Es de notar también cuál es el mecanismo para que esta sociedad enferma muestre sus síntomas. Porque así como al caso de Yosheline se le dio amplia difusión en medios locales, redes sociales y demás existen cientos de casos en esta ciudad que así como ha surgido se han extinguido en la frugalidad de los medios de hoy en día. ¿Qué pasa con todas esas personas que no tuvieron la oportunidad de ser visibilizadas en los medios?, ¿qué pasa con todas esas personas que pertenecen a los barrios marginados, que vienen de escuelas públicas, que tienen un color de piel diferente, que no tienen los medios para comprarles una voz?, ¿qué pasa con todas esas personas que aún no vuelven a casa pero que, como dijo una amiga, no tienen una conexión con la hermana de mi amiga porque quedan sepultados en la marginalidad con la que también vivían en una sociedad ciega, sorda y muda?, ¿puede ser que hayamos volteado a ver esto que sucedió porque nos hizo recordar que no sólo desaparece el que “seguro andaba en malos pasos” sino también el que me recuerda lo cerca que estoy de esto que puede tocarnos a cualquier?…y entonces reacciono y me doy cuenta de que no se trata de juicios morales (porque yo no tendría relación con alguien que “seguro se lo merecía o se lo busco o andaba con maleantes”), se trata de las mujeres.
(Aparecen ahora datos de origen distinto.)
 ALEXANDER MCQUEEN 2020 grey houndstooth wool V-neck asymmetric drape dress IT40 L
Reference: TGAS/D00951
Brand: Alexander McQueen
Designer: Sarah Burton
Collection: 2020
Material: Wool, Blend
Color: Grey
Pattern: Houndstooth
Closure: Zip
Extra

Como sociedad no sólo somos ciegos, sordos y mudos, también cínicos por ser capaces de culpar a la madre (si, la mujer del cuadro familiar) por no saber en dónde está su hija a cada momento, por no espiar e invadir su privacidad para saber en dónde está a cada momento, por dejarla trabajar, hacer su vida, ser independiente. Está claro que una mujer no debería acceder a esos lujos, está claro que la familia tiene la culpa y no las personas que como familia y sociedad estamos criando. Si, esos que todo lo pueden porque no son niña, que son unos chingones por promiscuos, que comparten las fotos de la novia desnuda (la puta) en redes, que son cínicos, que menosprecian a la mujer, que se creen superiores, que se divierte ten y tratan a la otra como objeto…todo auspiciado por nosotros. Después de todo son los hombres de la casa, los niños, el príncipe azul que el machismo enraizado en esta sociedad nunca soñó.
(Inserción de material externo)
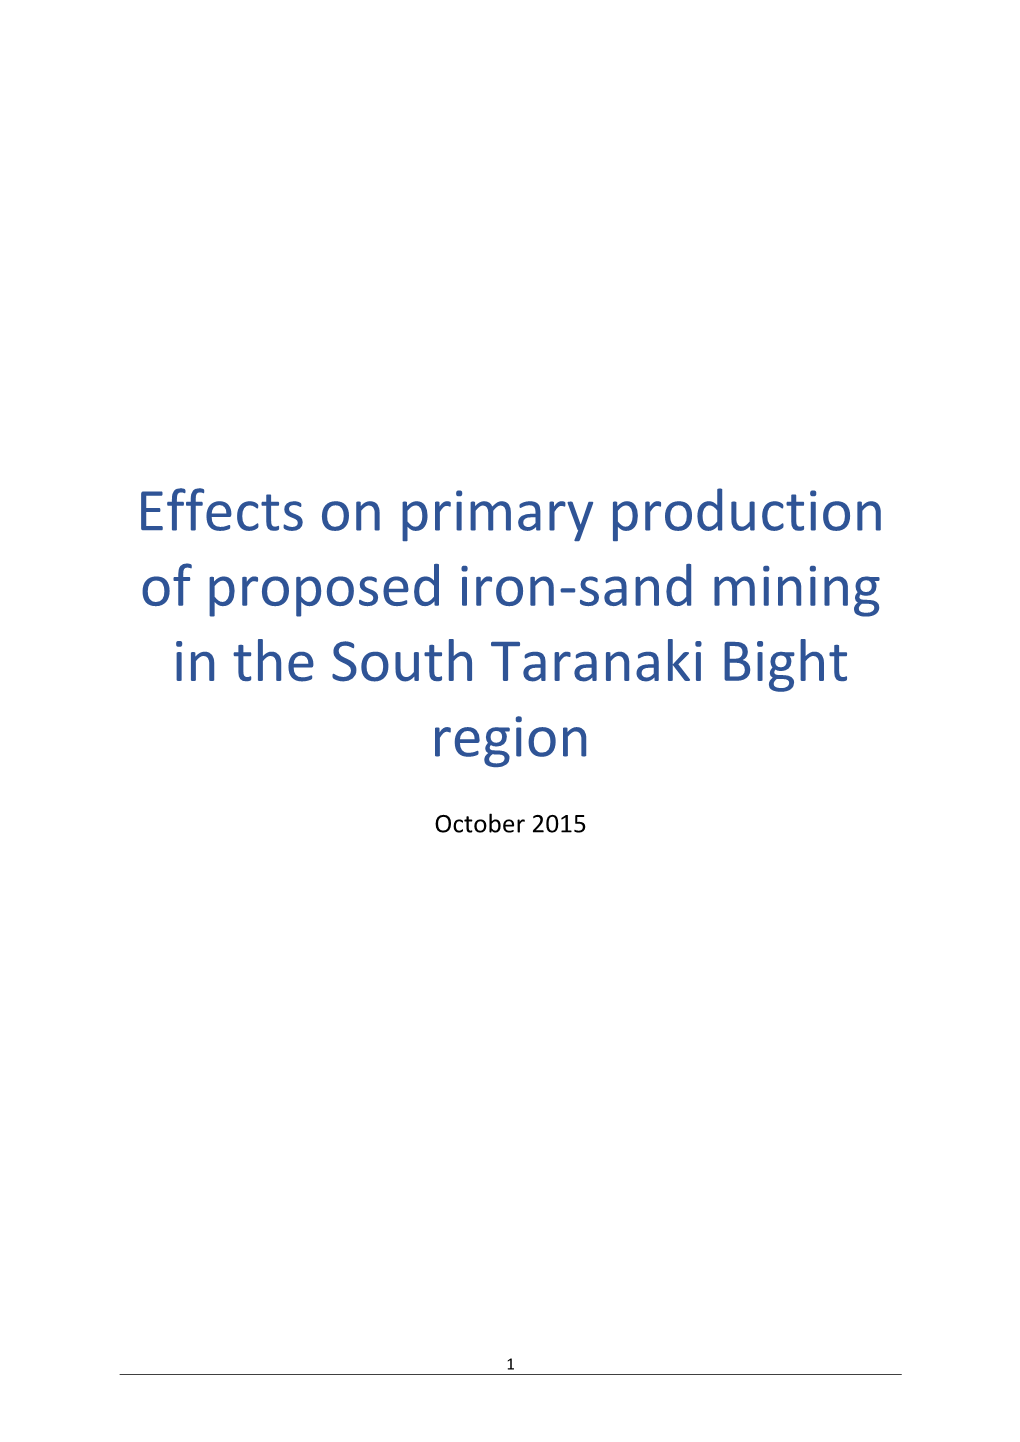 Effects on Primary Production of Proposed Iron-Sand Mining in the South Taranaki Bight

¿Qué pasa en una sociedad cuando asesinamos a nuestras mujeres estranguladas, descuartizadas, violadas, degolladas?, ¿qué clase de ser humano estoy formando hoy?, ¿qué clase de persona soy yo cuando tengo enfrente a una mujer, la que ve a otra personas o la que ve a un objeto?
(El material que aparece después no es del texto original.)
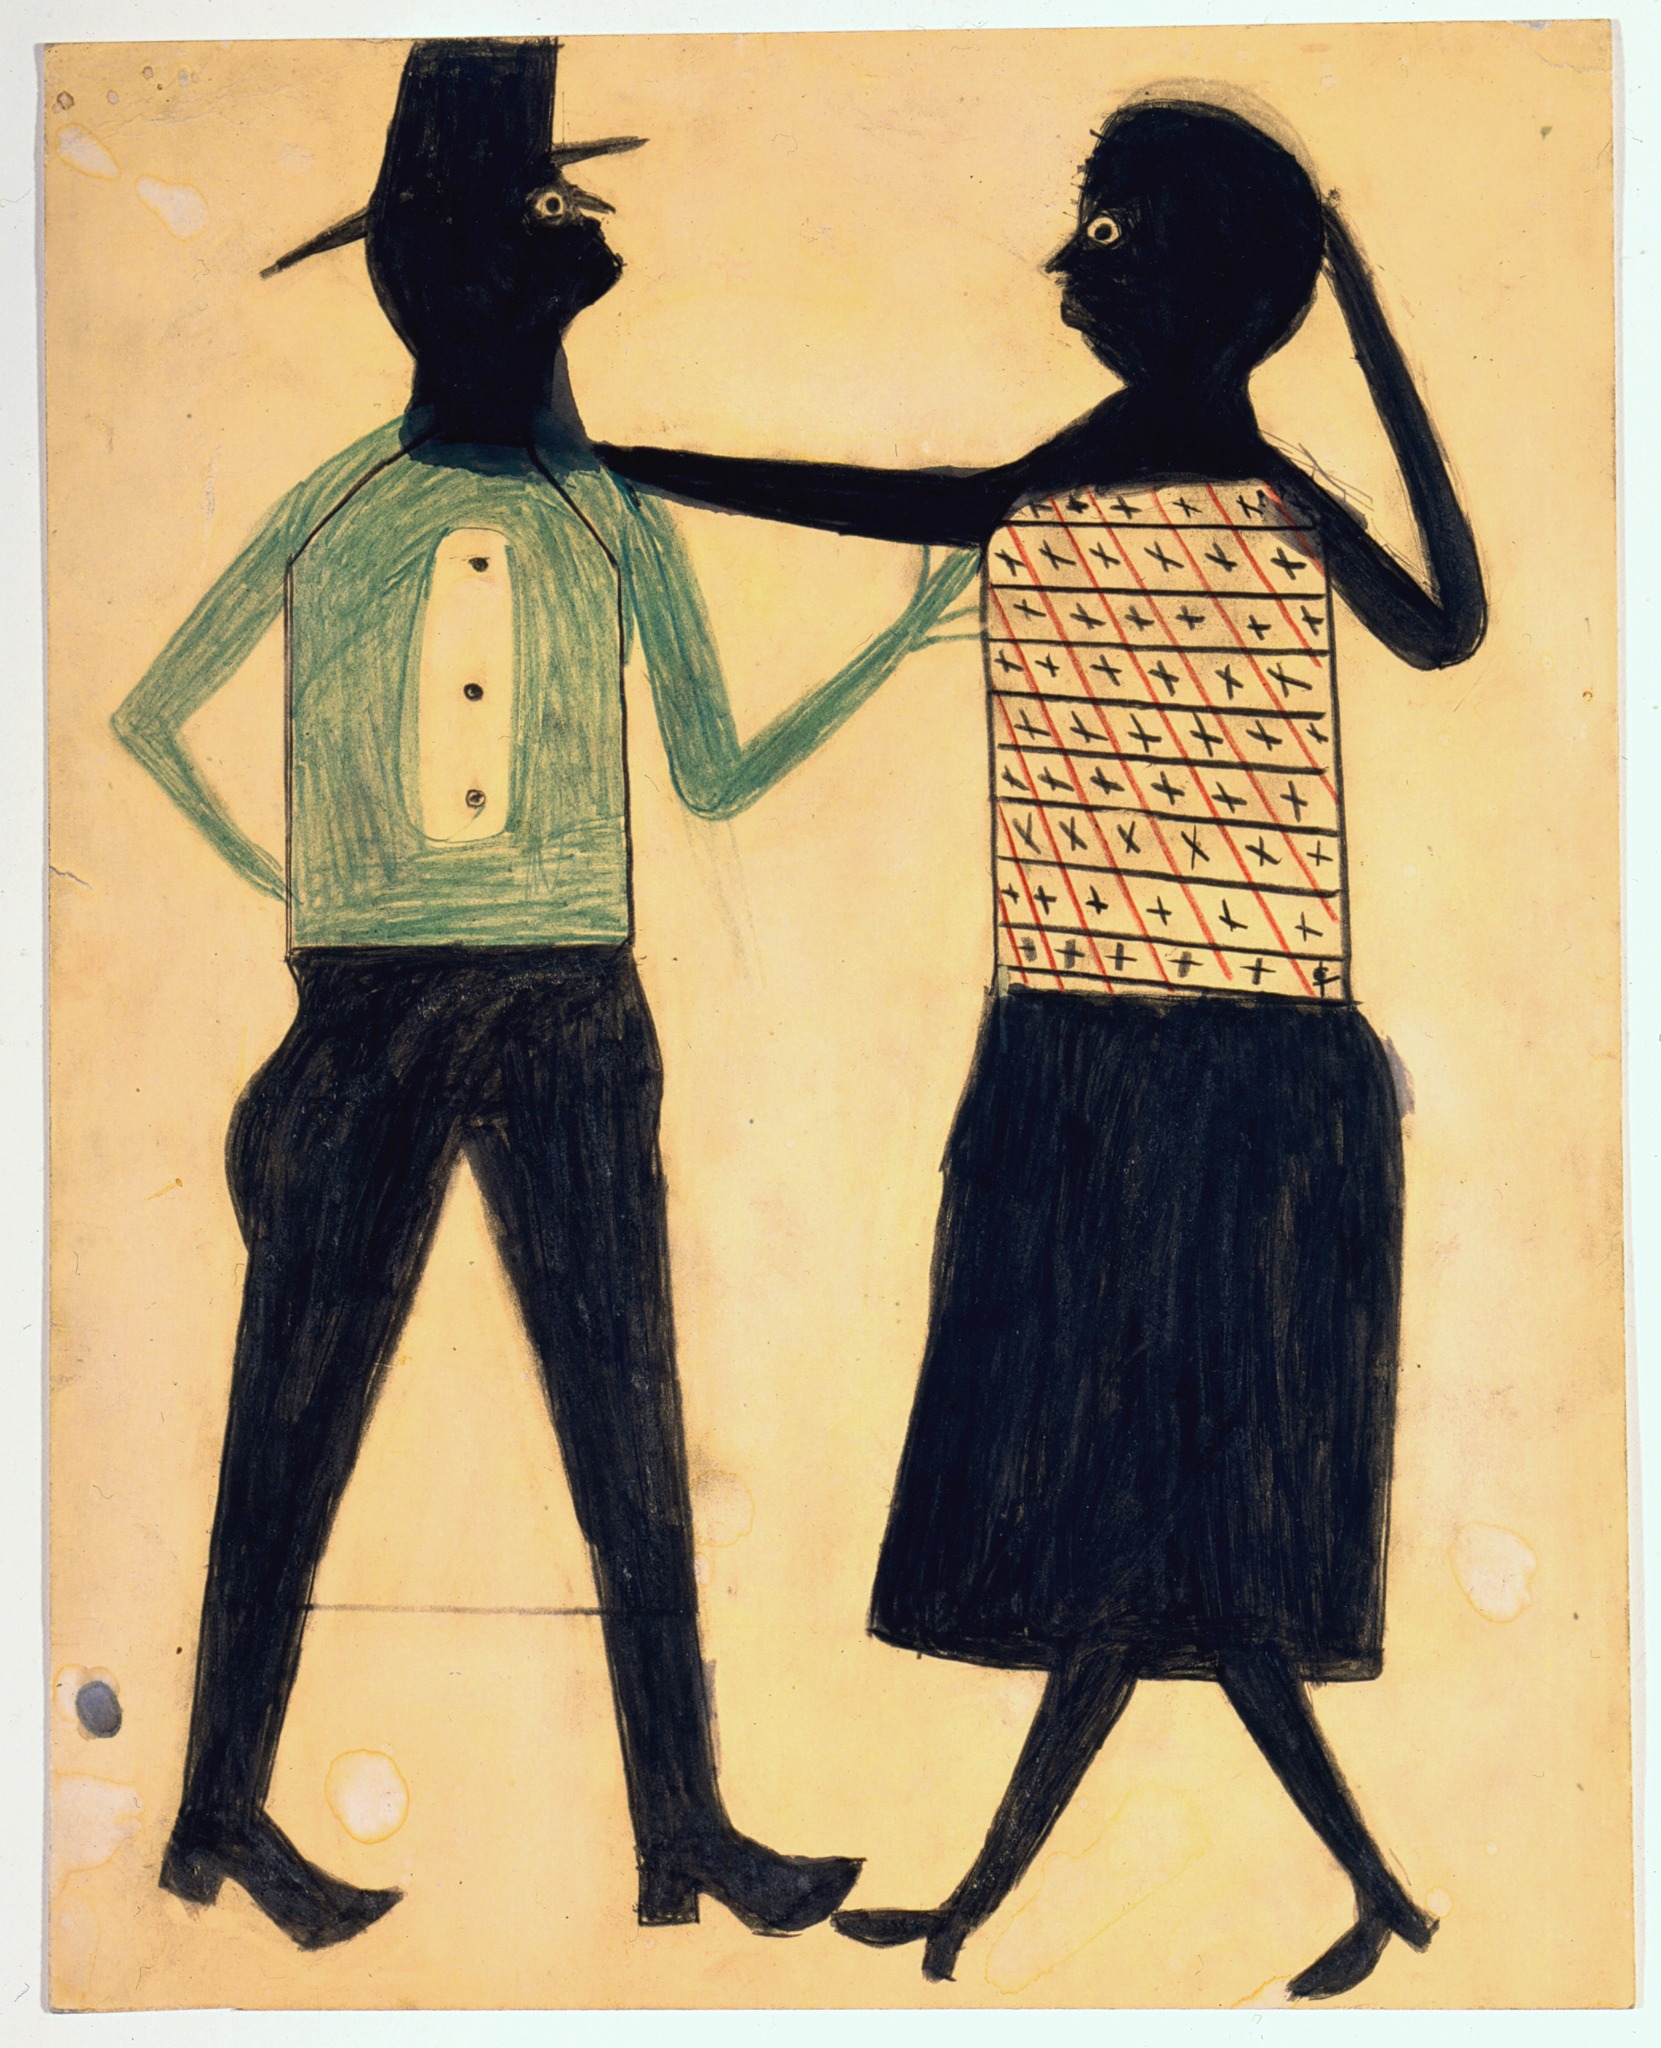 Sin título (Hombre y mujer) by Bill Traylor - c.1939 - 1942 High Museum of Art

Es necesario salir de nuestro estado de negación y comenzar a asumir que aquí hay un cáncer haciendo metástasis, un odio multiplicándose hacia las mujeres, una crisis en todo México que nos guste o no se hace cada día más grande. Y no quiero quedarme callado por mi madre, por mis primas, por mis tías, por todas mi amigas, mis sobrinas, mi novia, las mujeres que amo y que he amado. No quiero y no puedo. Odiar y atacar a nuestras mujeres es destruir nuestra misma esencia y pilar como sociedad.